Article: Uninsperation – An Article About Being Being Uninspired When Trying to Write an Article
[ Article By: Liam Walters ]
[Originally posted: 13/08/2010]
So this is a somewhat follow-up on my last Article about Procrastination. In that last article, I talked about how low and behold, I couldn’t finish a transformers article because I just kept putting it off to the point where I just didn’t want to do it any more. (Just in case you were wondering, I still haven’t written anything more on the review, and there’s a good chance that I wont write any more for it anyway).
So as I decided to focus more on articles, I started trying to come up with idea’s and content to write for the articles. Now here was the thing. I actually wanted to start writing something, but I could not think of ANYTHING to write at all. I mean, what the hell. When I have things to write about, I’m not in the mood to, but as soon as I want to write something, I can’t think of anything to write! Is god fucking around with me or something.

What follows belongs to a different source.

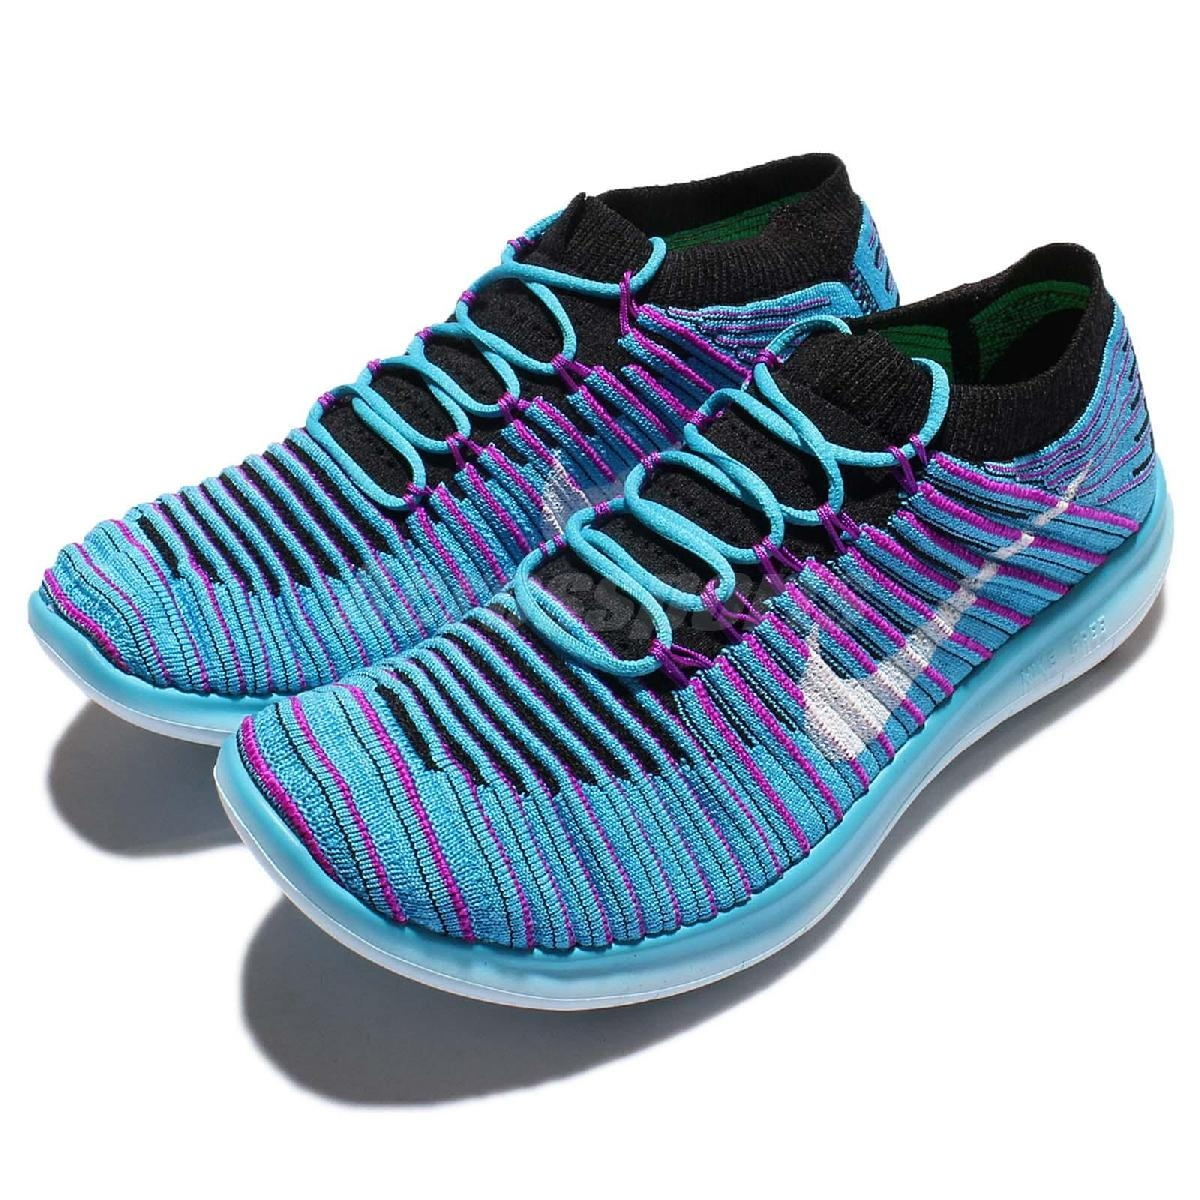 Nike慢跑鞋Wmns Free RN Motion Flyknit Run 5.0赤足藍紫白勾女鞋PUMP306 834585-401

I’m actually starting to think so, because when I finally decided to go write this article, I found myself not really being in the mood to write any more, and now its taken me nearly a whole week just to get me onto writing it.
Don’t get me wrong, I know not that many people really read these articles, but I would still like to try to get at least one out a week. And it’s not like the writing fairy has come over and said ‘Thou shalt not write no more!’ in a deep booming voice. No. Because I can still write as evidenced by my last blog and the ramble I posted yesterday.

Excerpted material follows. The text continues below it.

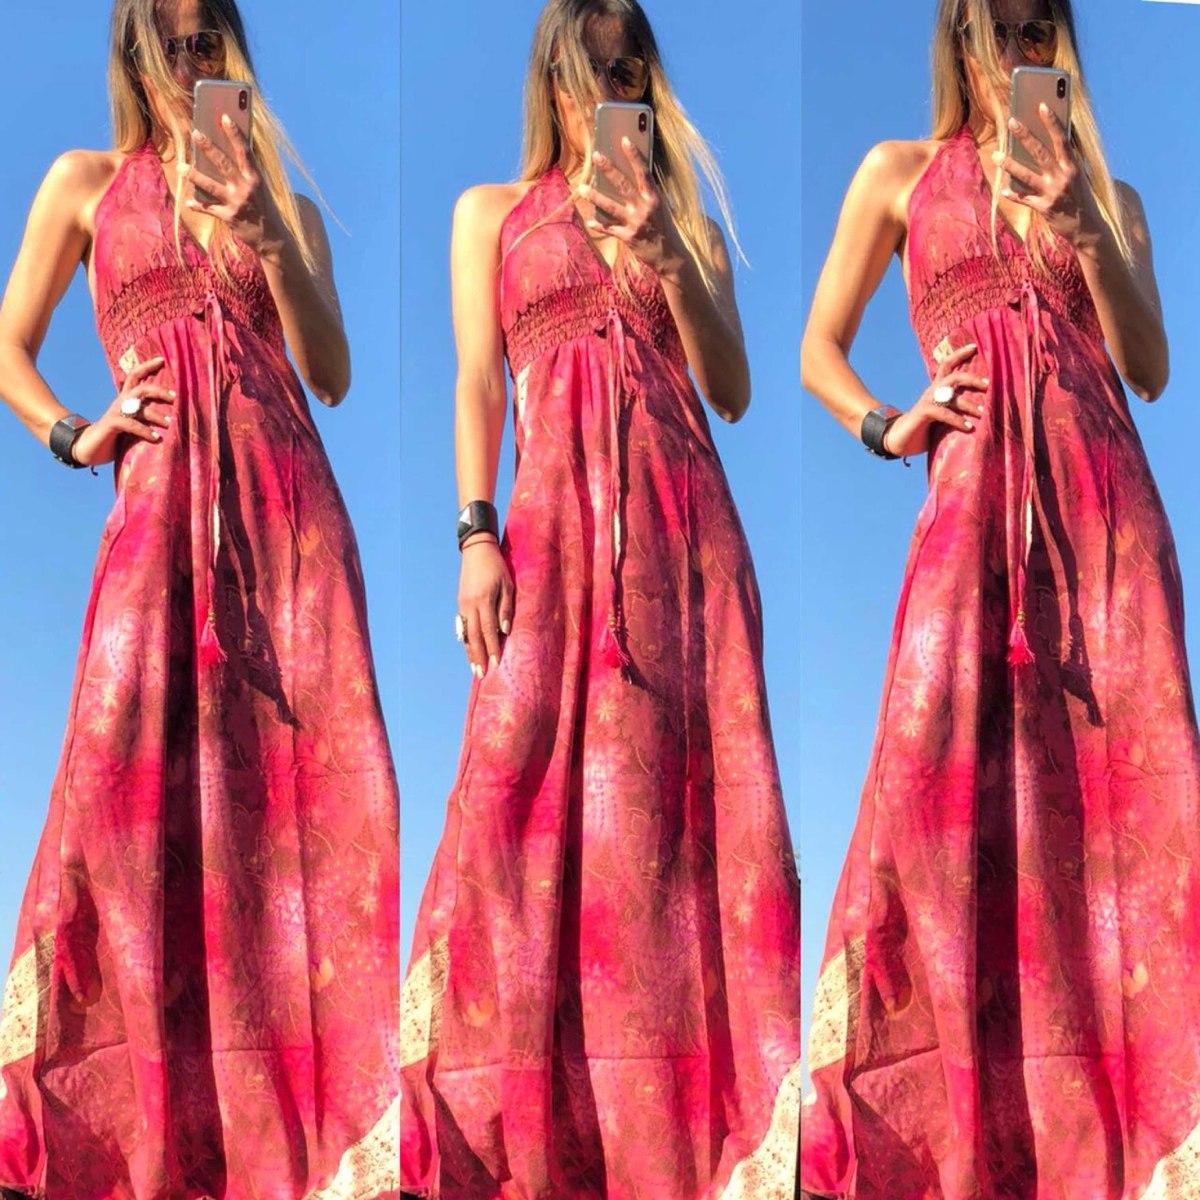 c517d8e6c vestido largo mujer importado estampado fibrana escote. Cargando zoom.

I know I know, this is different because I have to try to focus on one topic, and also with the way I want my articles to be, I also need to do this funny, cynical satire type of writing. I mean, I don’t even know if half of this is actually funny. I’m not really trying to make it funny all that much, like, I do exaggerate and blow things out of proportion because its funny, but I fear I’m getting off topic a little here.
So back to my original point. Why does it seem like the whole worlds trying to stop me from writing these articles. I don’t know, maybe its just me. I am kind of a moron when it comes to stuff like this. I go through so many fads its uncountable. Just stuff like making vlogs, doing commentaries, doing reviews, doing animation and all this other stuff that I have been right into, until I actually start doing it. At that point, I realise how much effort it takes and just give in, because I can’t really motivate myself to do something if I feel like no ones going to really care about it.
That’s my problem, maybe I would have more people reading my stuff or watching my videos if I actually stuck at half the projects that I start, and see them through to the end. I just expect to get known so quickly, so I can use the fact that people are interested as motivation to keep moving me forward and doing new things.
But in the end, I do think I’m learning. I am actually writing this article now, and hopefully I’ll be able to do more soon and keep an average posting rate going. Who knows, maybe what I said would come true. If I stick to something, I may actually draw fans in.
Wow, my ego is that small that I need validation from others just to keep going. I’m such a loser.
Ah well, there so many famous losers on the internet, if I do get well-known then I’m only adding to the rest. And if I don’t, well, Internet obscurity is quite a comforting place.
I never really know how to end these things, so yeah… Comment, share and do all that twoddle.